Mumsnet has not checked the qualifications of anyone posting here. If you need help urgently or expert advice, please see our domestic violence webguide and/or relationships webguide. Many Mumsnetters experiencing domestic abuse have found this thread helpful: Listen up, everybody

Boyfriend DOSENT want babies!

108 replies

Misszh · 10/09/2015 00:51

Hey everyone so I had that special conversation with the boyfriend today and dropped the B Bomb on him...I want babies!! We have been together for some time now.. There's a 20 year age gap and he has 3 kids already.. YES I like the older man... When we first got together it was agreed he knew I'd want them at some stage and said we would wait a few years...well that time is up... And Nope.. His mind is set.. He DOSENT want anymore!
I don't know what to do ladies.. I want a child so badly it's killing me inside, would it make me selfish to leave him over it? Do I stick around for him to change his mind?

OP posts:
Chatterbox88 · 10/09/2015 13:11

We got together when I was 18 Deffinatly too young to be having any children for me, but knowing he was older I thought I'd have the discussion then so I knew what was going into....I diddent want anymore heart break... Unfortunately this man has lied to me the whole time, we work together in a pub, he's landlord I work along side him...which is difficult because it a pub all our friends meet there and familys.. I just wouldent want to be pushed out of my social life

ThisIsStillFolkGirl · 10/09/2015 13:17

Phew, mix I have seen that suggested on here before. It's madness! Yes you're right, it would certainly be telling re the vasectomy.
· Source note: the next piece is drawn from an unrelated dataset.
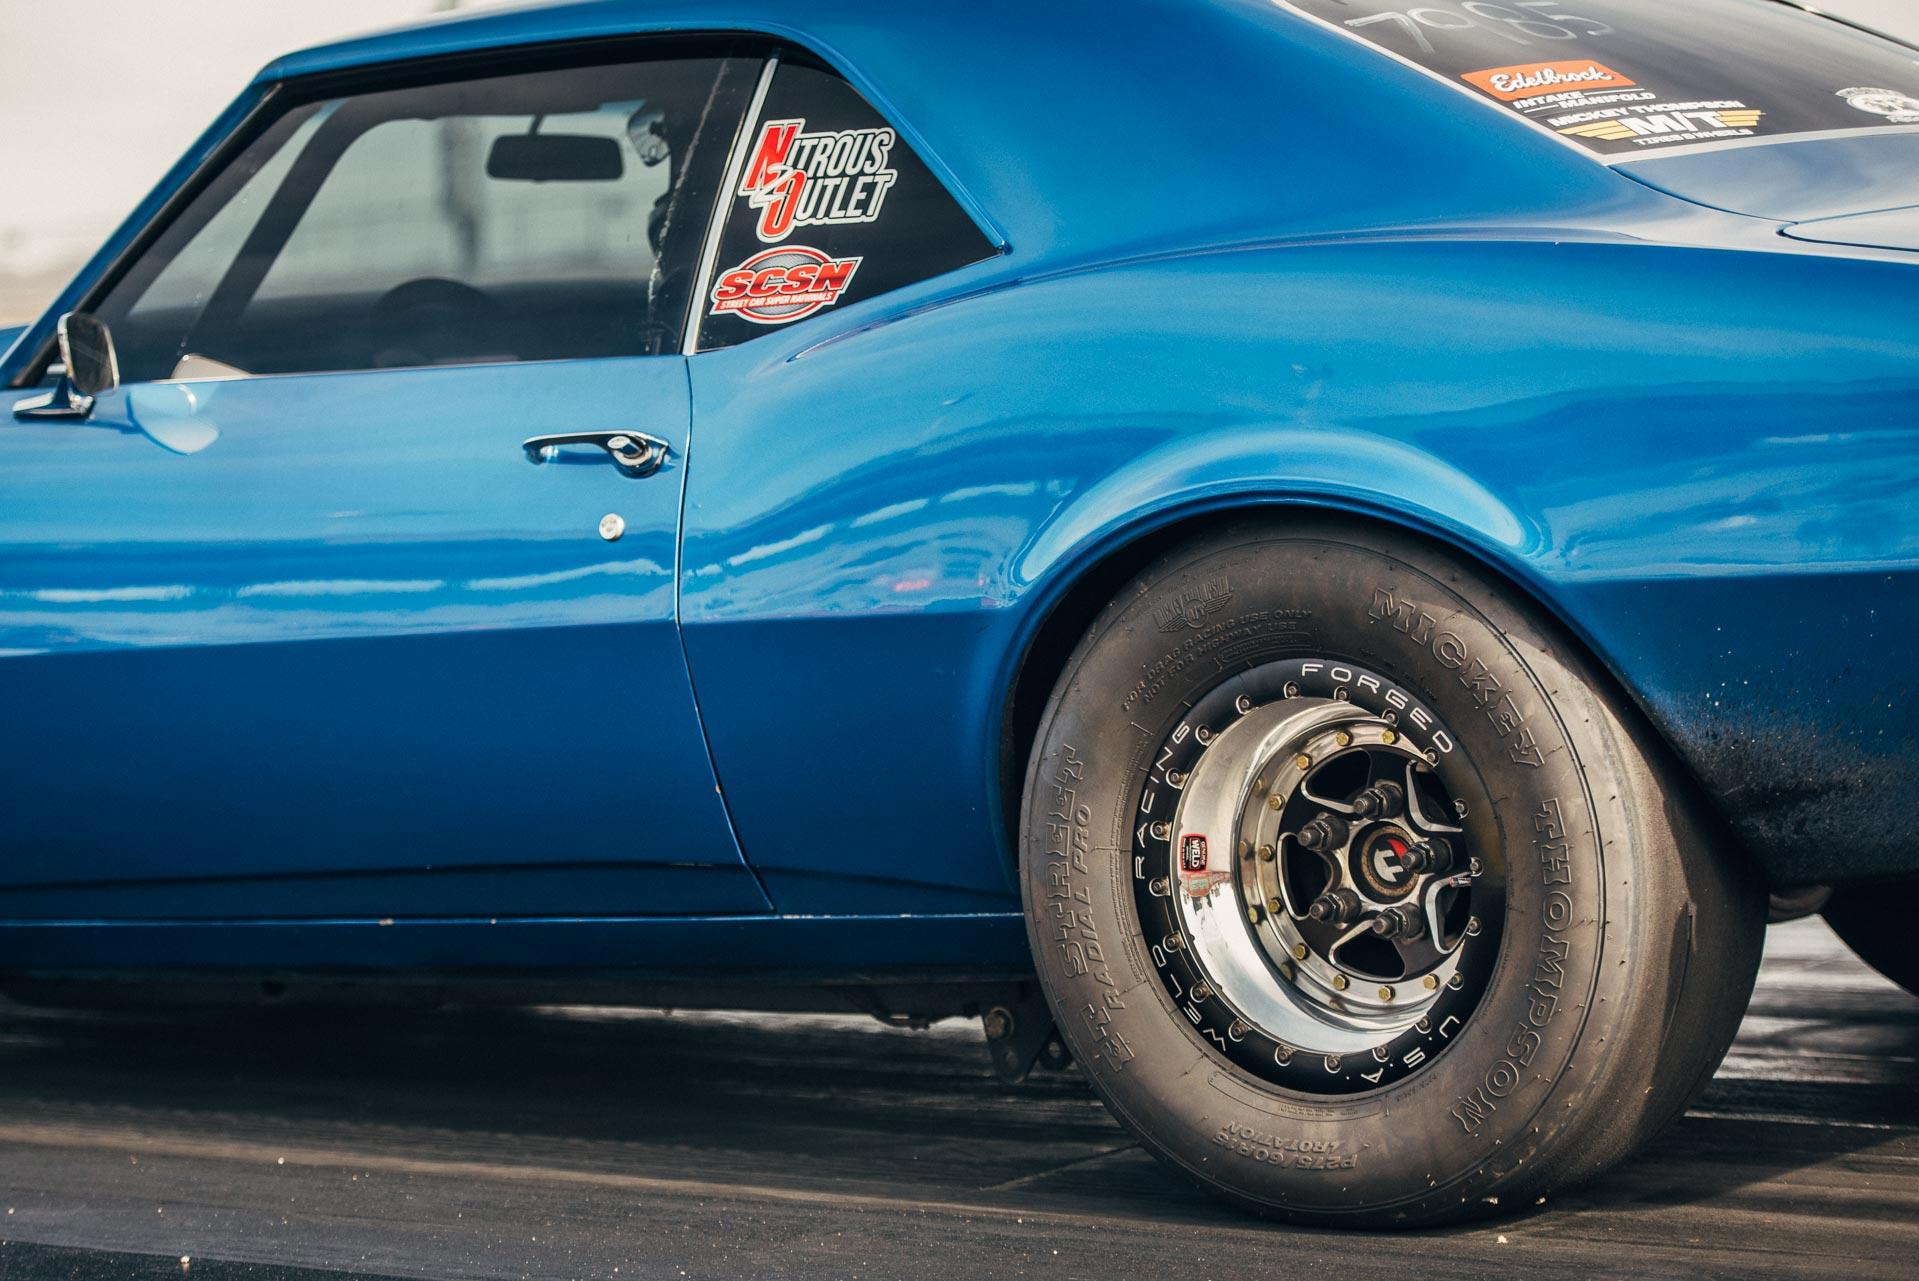 Radial Ply tires on a drag car

Whatevva · 10/09/2015 13:31

At 22, you could go on a business course at your local college. This will give you a chance to widen your social circle, get references for a new job and give you an exit route to another job, should you want it.

Being attached to the landlord is narrowing your opportunities, socially and workwise, but you can use this experience to further your career and make yourself a new life, meet a wider group of people and find someone worthwhile who does want to have a family with you. He has had his opportunities and should not be reducing yours.

If you like older men, remember the ones your age will be growing older ;), then you will have more choice. Grin

IdBuyThatForADollar · 10/09/2015 13:48

Some serious judgemental opinions about age gap relationships going on, on this thread

I judge age-gap relationships a bit. I was in one for my twenties and early 30s. I'm now the age my exH was when we met and the very idea of having any kind of romantic/sexual relationship with a 21 year old makes me feel a bit icky, and I'm well immature. Let alone asking them to share a life with me. You're just at such totally different stages.

Frankly - Chatterbox - this sounds well unhealthy for you. I've worked in pubs for years and know their little microscopic societal structure all too well. He's got too much power in your relationship, being your boss in that odd dynamic that pubs create is bad enough, but then being so much older than you and also lying to you. No. It's no good.

I know your friends and family are there, but I would honestly find a new job, split up with your partner and spread your wings a bit. A new job will find you new friends and you'll surely still see family. Not being with your partner and maybe not working pub hours will also give you time for hobbies and interests.

Oh I want to pick you up and plonk you somewhere so you can see that the world of the local boozer is really tiny and there's loads more and loads better to do. I do understand, I lived a very similar existence for a while, but you need to see more of everything and find someone who wants the same things you do.

LovesPeace · 10/09/2015 13:50

Find someone your own age - this man is using you, and has been from the beginning.

BikeRunSki · 10/09/2015 13:54

Haven't RTFT , but if he's had a vasectomy, then he's unlikely to be having a baby with you or anyone else, whether he wants to or not.

AcrossthePond55 · 10/09/2015 13:55

You do need to break it off with him, really you do! And you should look for another job just to be on the safe side.

What do you think his reaction will be if you deal with it calmly, no tears or accusations, and just say 'XXX, I've thought about it and I really do want children, it's not something I am willing to give up. You've said you don't want any more and I understand why you feel that way. So I think it's time we called 'time' on this and moved on so we can each find someone who wants the same thing we do. I certainly hope this won't affect our working relationship. I'd like us to remain friends.'

Again, calm, no emotionality, and expressing 'concern' that he find the right person, too. If you are calm and able to smile and carry on (hard but not impossible) I don't think you'll lose your job, if he's at all reasonable. If you cast sad looks at him to try to guilt him for deceiving you or say things behind his back to friends/patrons, I'd think he'd be more likely to try to find a reason to sack you. Yes, he really does deserve to be bollocked, but in this case it wouldn't be wise if you want to keep your job. You'll have to be able to put it to all and sundry as a simple 'parting of the ways'.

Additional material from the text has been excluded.